__Information supplied__.
********************
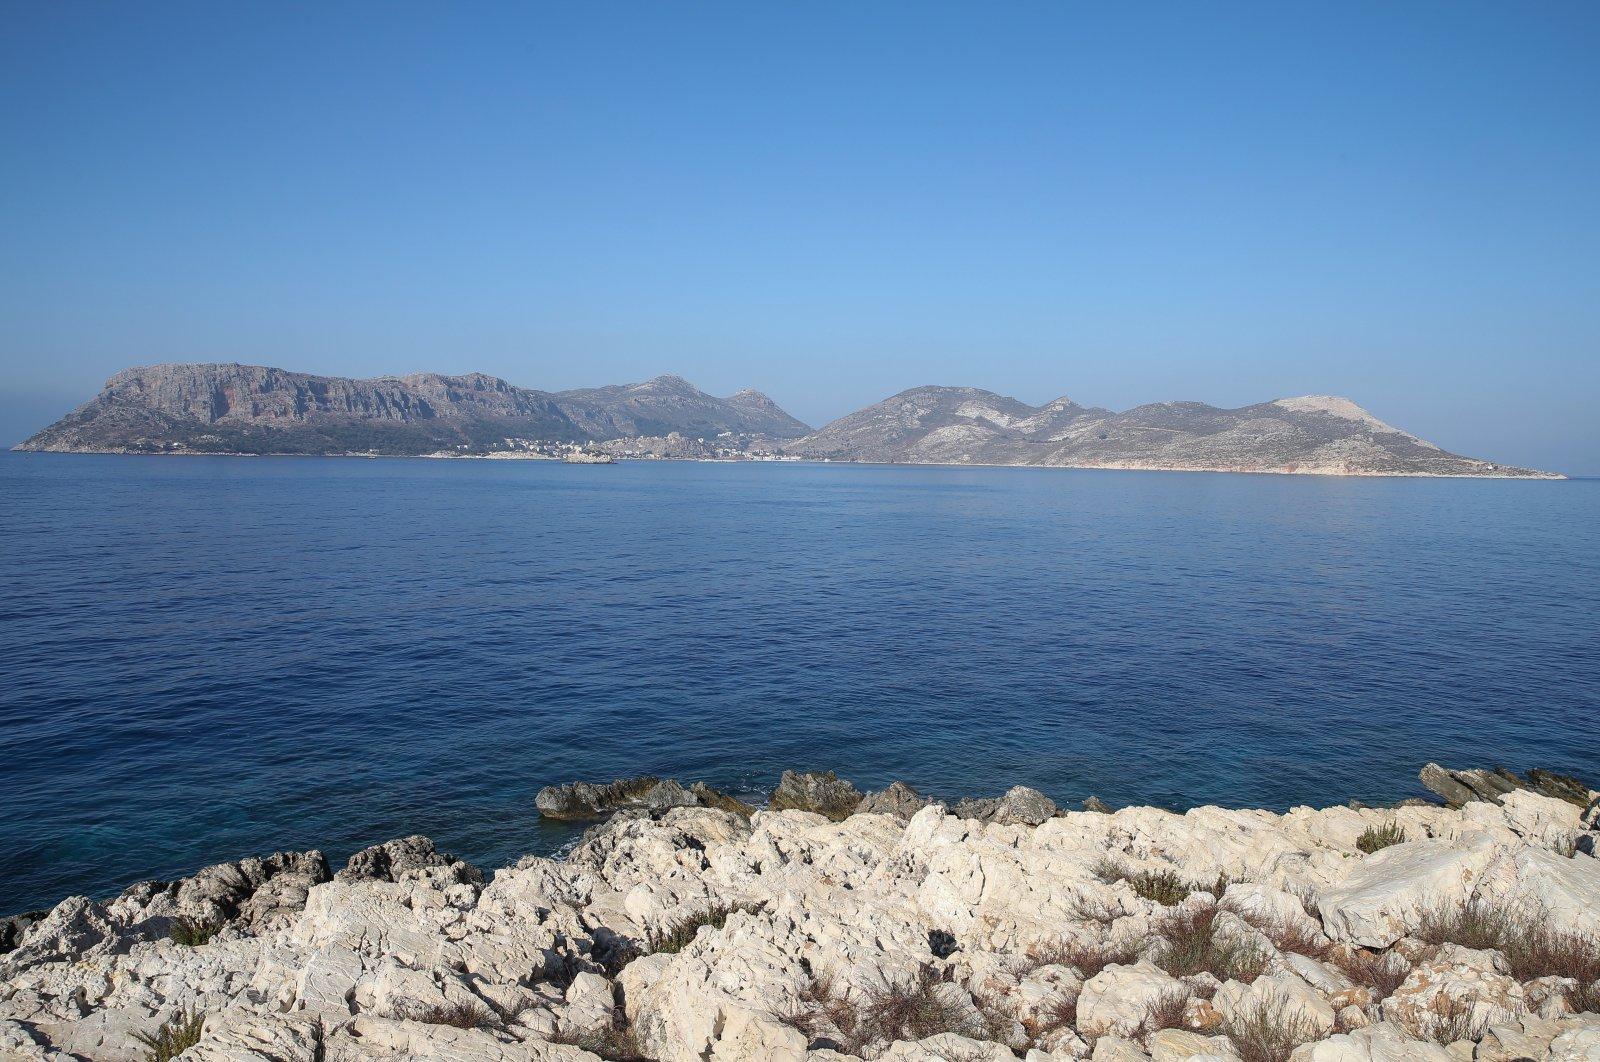 The Greek island of Kastellorizo (Megisti-Meis) photographed from the Kaş, Antalya, southern Turkey, Sept. 1, 2020 (AA Photo)
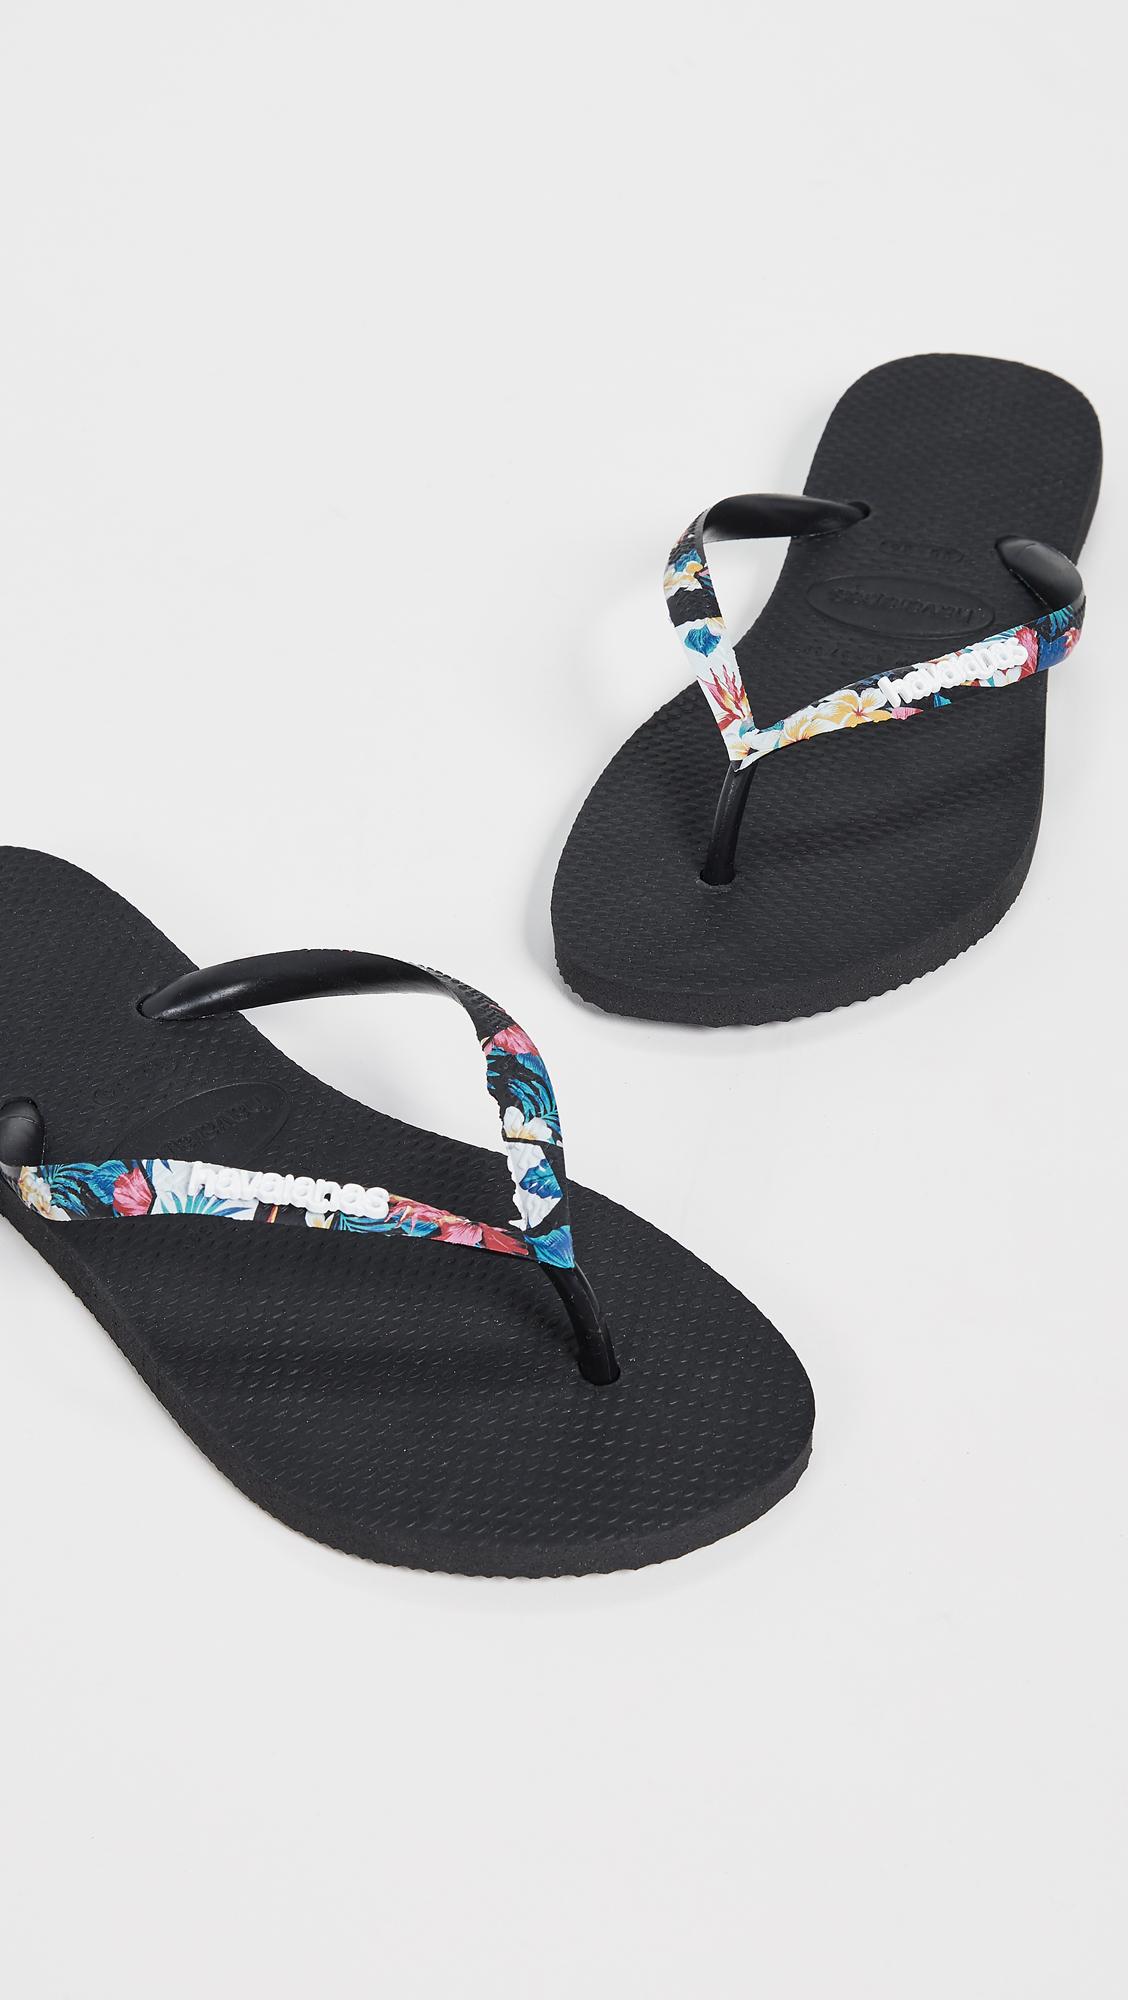 85866bd845731 Havaianas Slim Tropical Strap Flip Flops
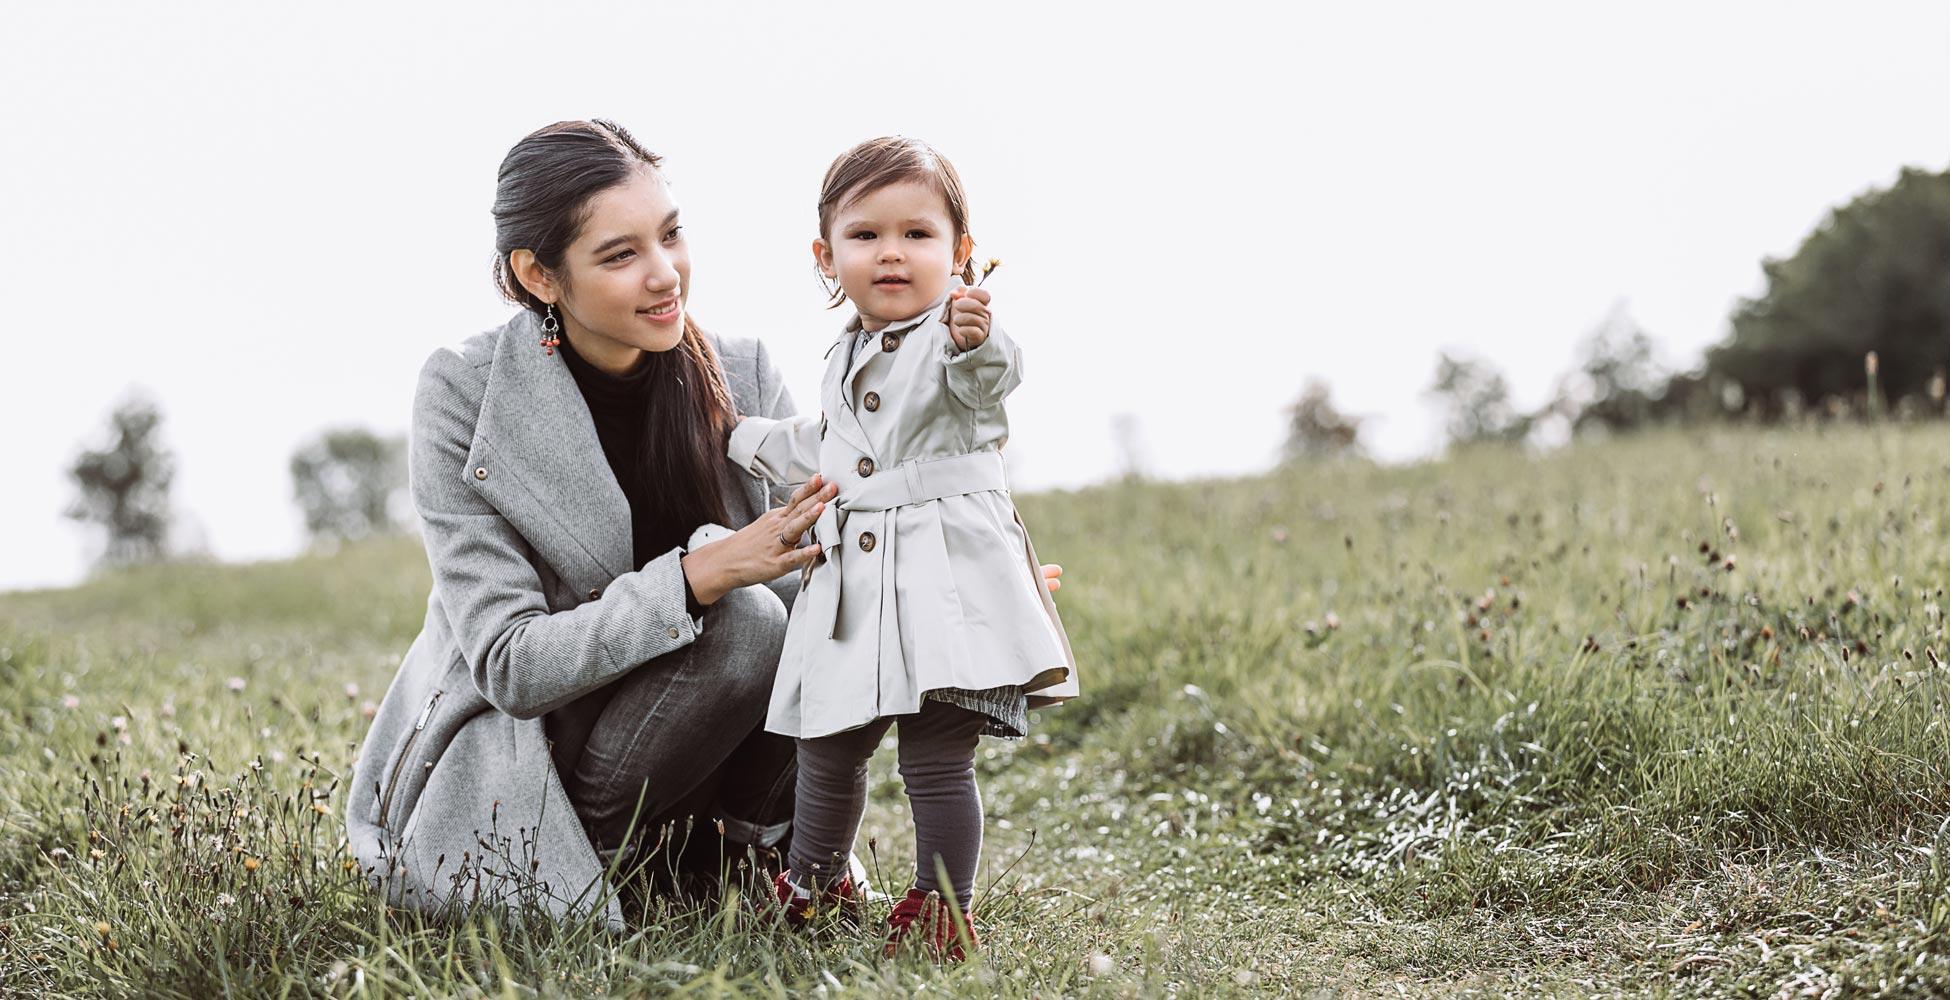 Fotograf Chemnitz Familienportrait und Familienfotografie
********************
__What is required__. Produce an exact copy of every line above, with the images left out.

__Result of the exercise__.
 The Greek island of Kastellorizo (Megisti-Meis) photographed from the Kaş, Antalya, southern Turkey, Sept. 1, 2020 (AA Photo)
 85866bd845731 Havaianas Slim Tropical Strap Flip Flops
 Fotograf Chemnitz Familienportrait und Familienfotografie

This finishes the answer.